* THE DATA

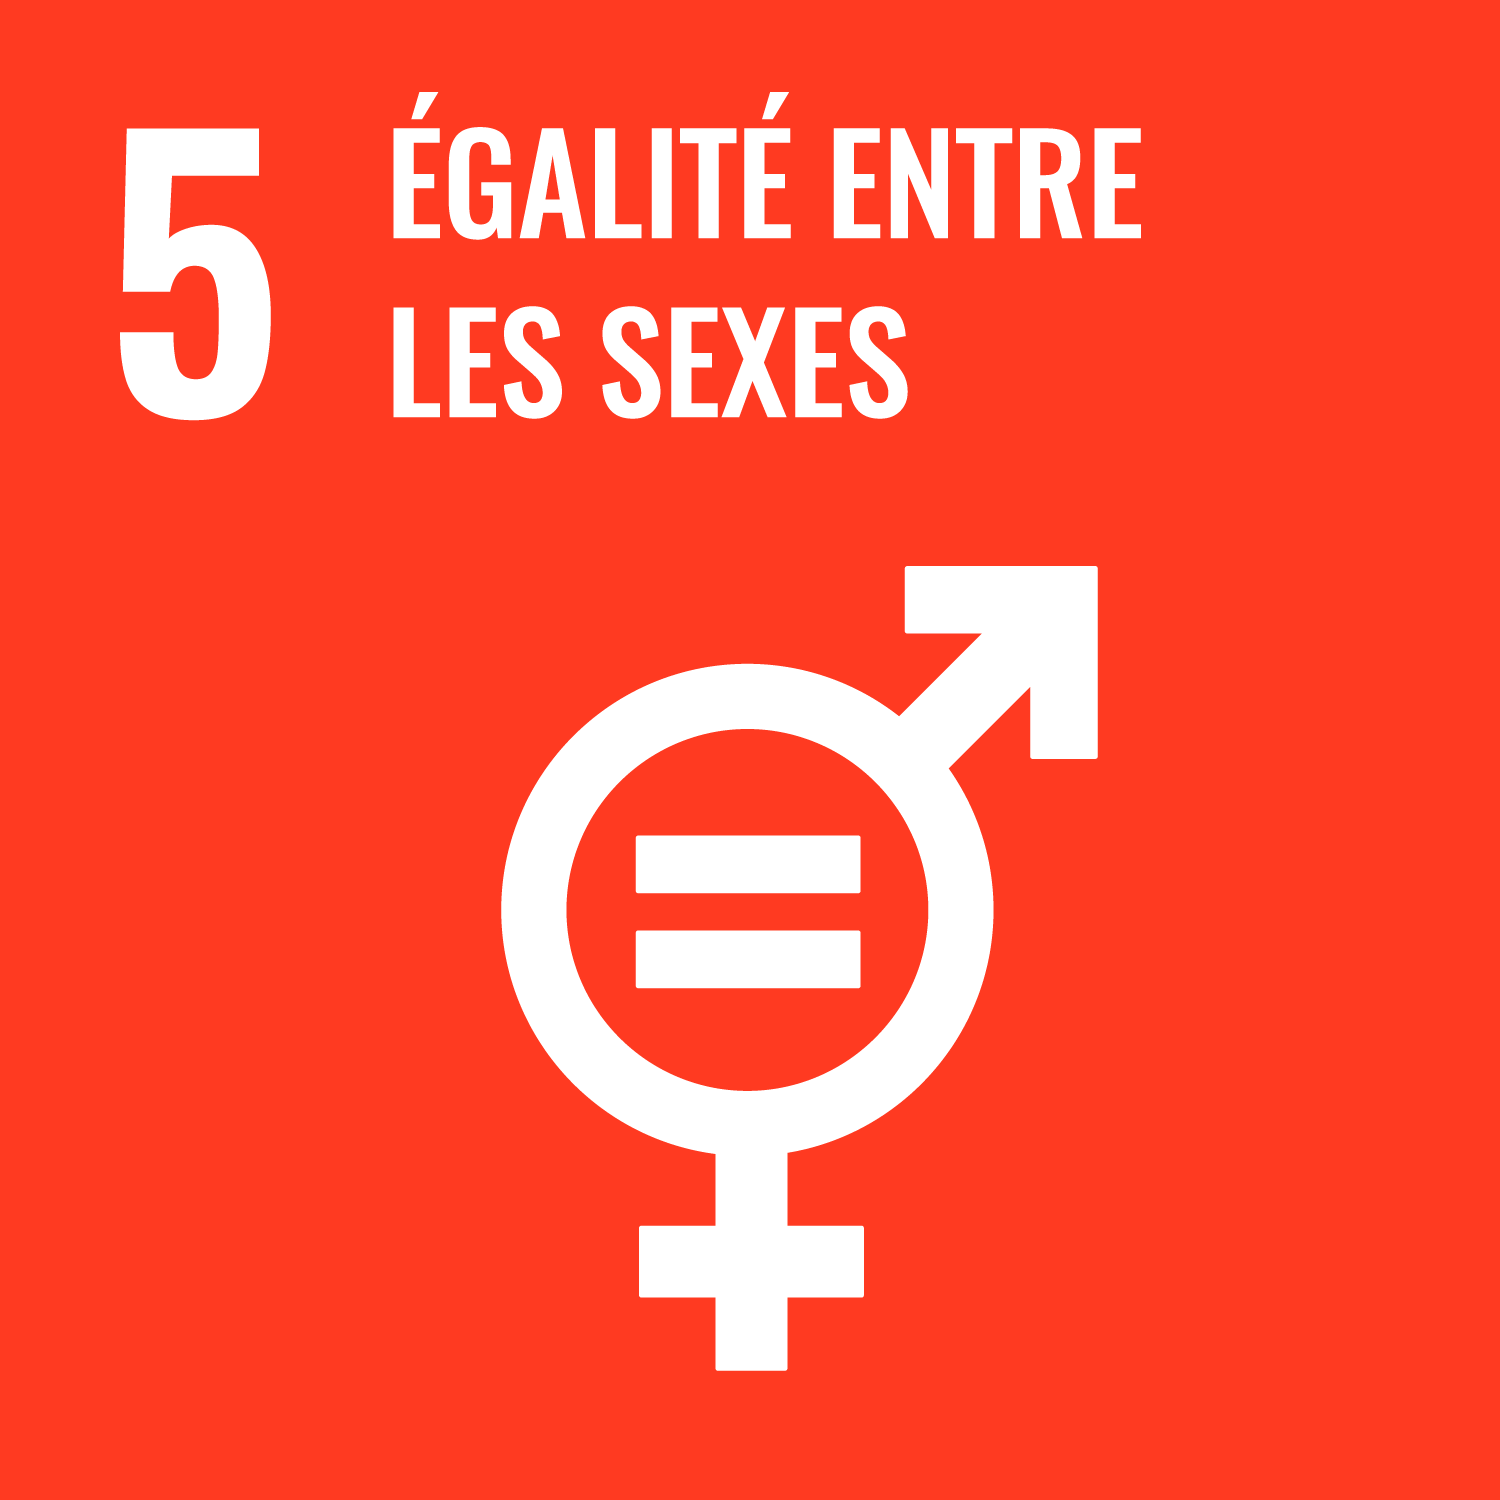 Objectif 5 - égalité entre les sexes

---

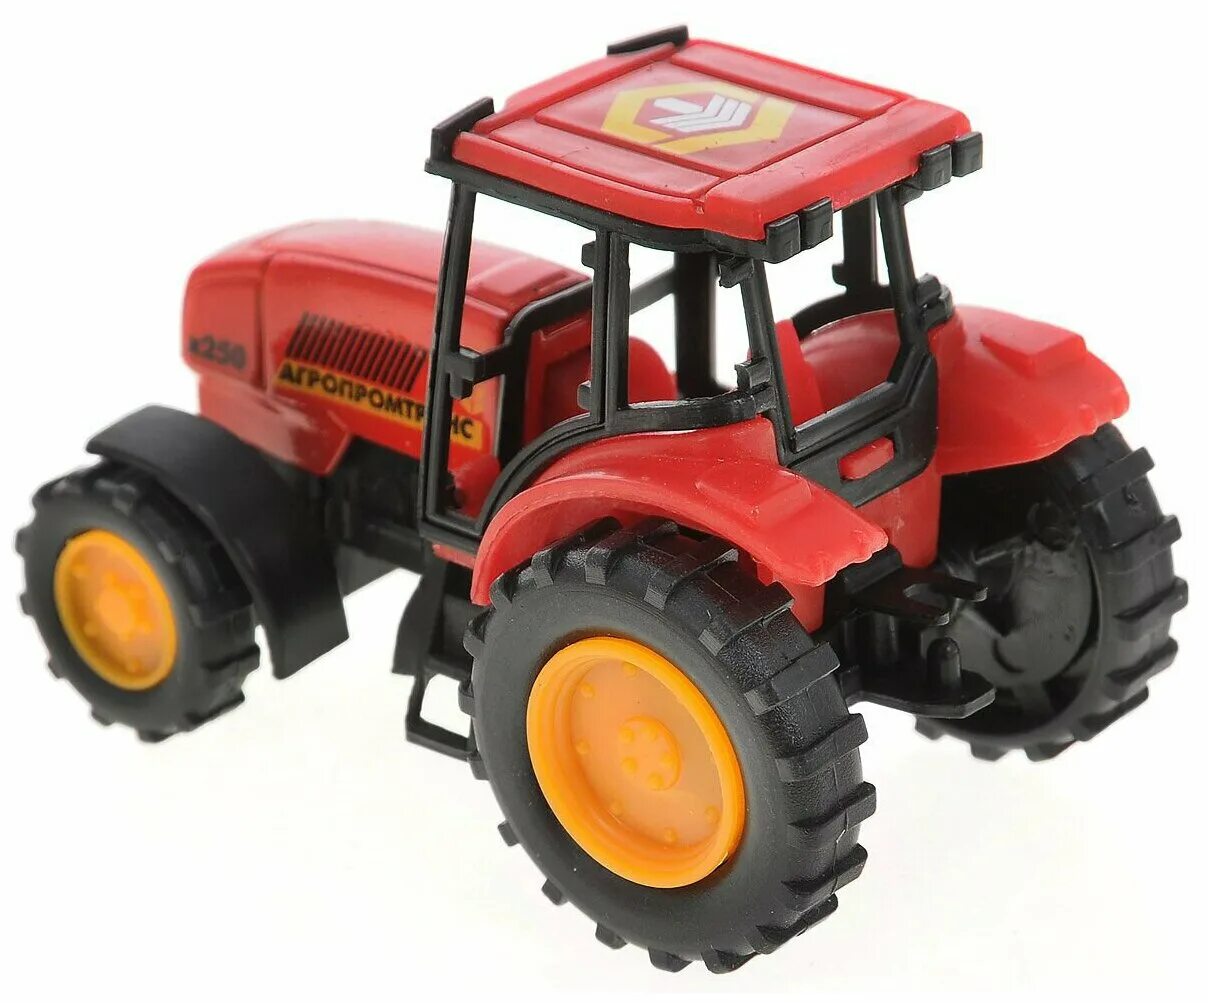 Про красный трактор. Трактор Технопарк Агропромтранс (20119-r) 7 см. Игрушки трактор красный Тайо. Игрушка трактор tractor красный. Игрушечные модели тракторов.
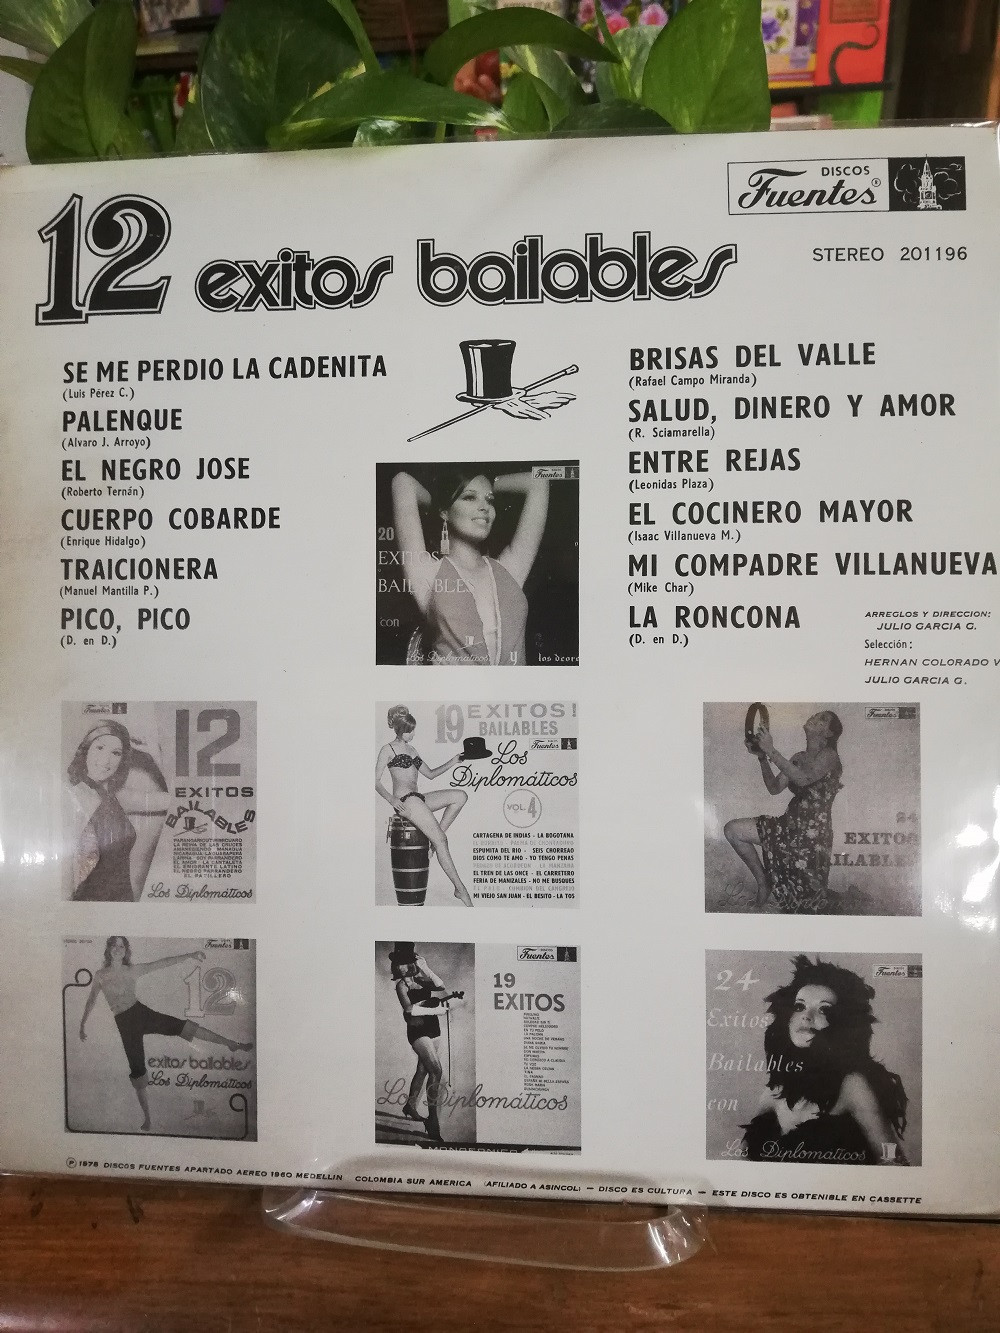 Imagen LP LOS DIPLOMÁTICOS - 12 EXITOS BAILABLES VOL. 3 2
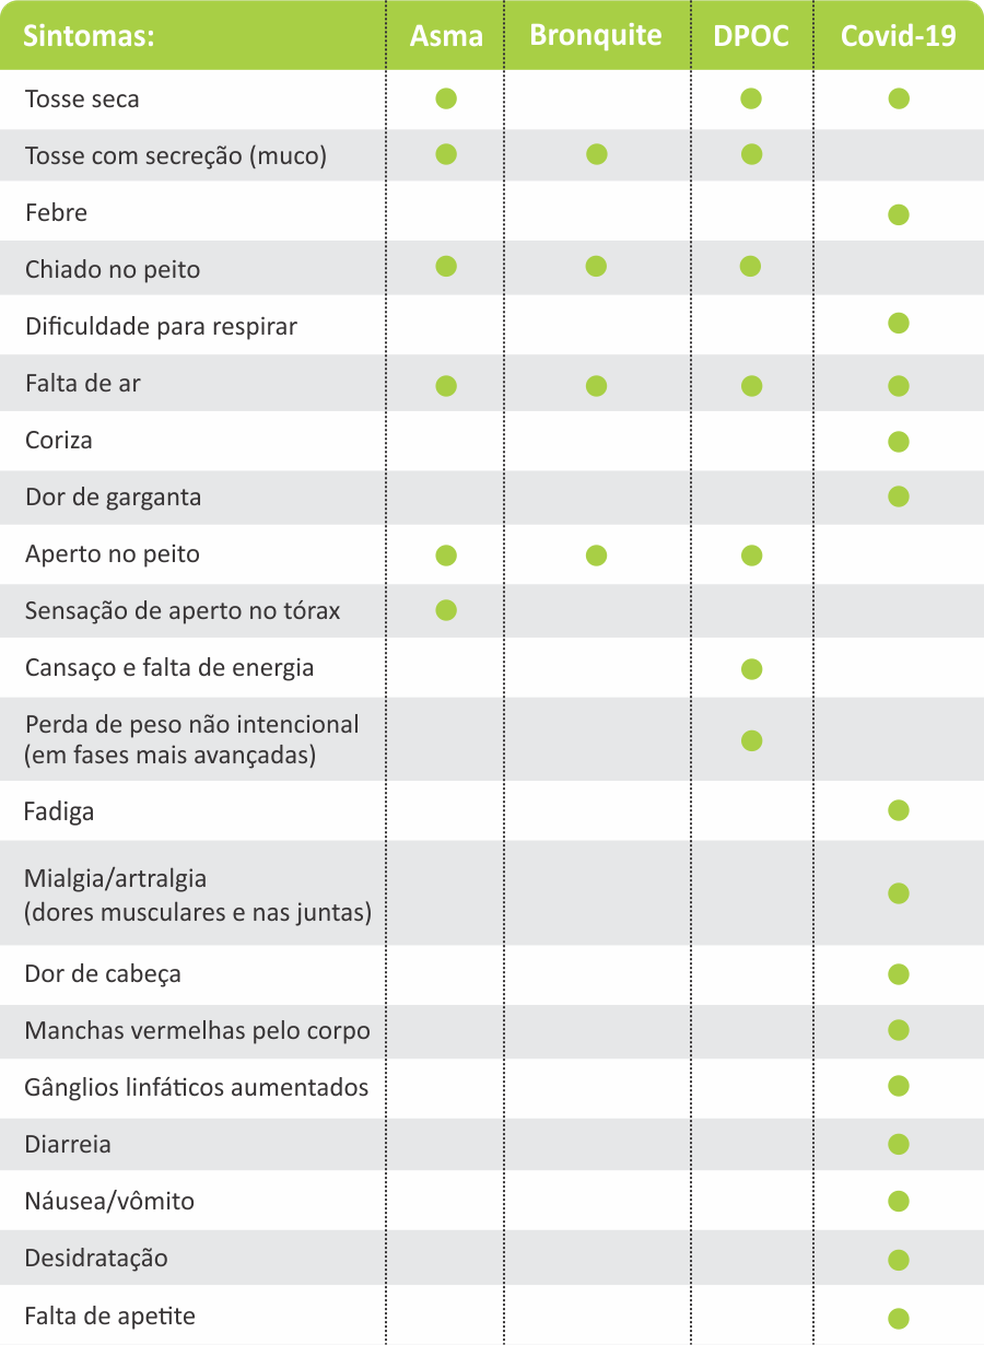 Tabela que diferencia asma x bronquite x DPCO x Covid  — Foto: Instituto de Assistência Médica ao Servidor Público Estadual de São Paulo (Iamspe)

* DIRECTIONS
Without the pictures, set down the lines above from the line with "Imagen LP LOS" up to and including the line with "Tabela que diferencia" exactly as they stand.

* RESULT
 Imagen LP LOS DIPLOMÁTICOS - 12 EXITOS BAILABLES VOL. 3 2
 Tabela que diferencia asma x bronquite x DPCO x Covid  — Foto: Instituto de Assistência Médica ao Servidor Público Estadual de São Paulo (Iamspe)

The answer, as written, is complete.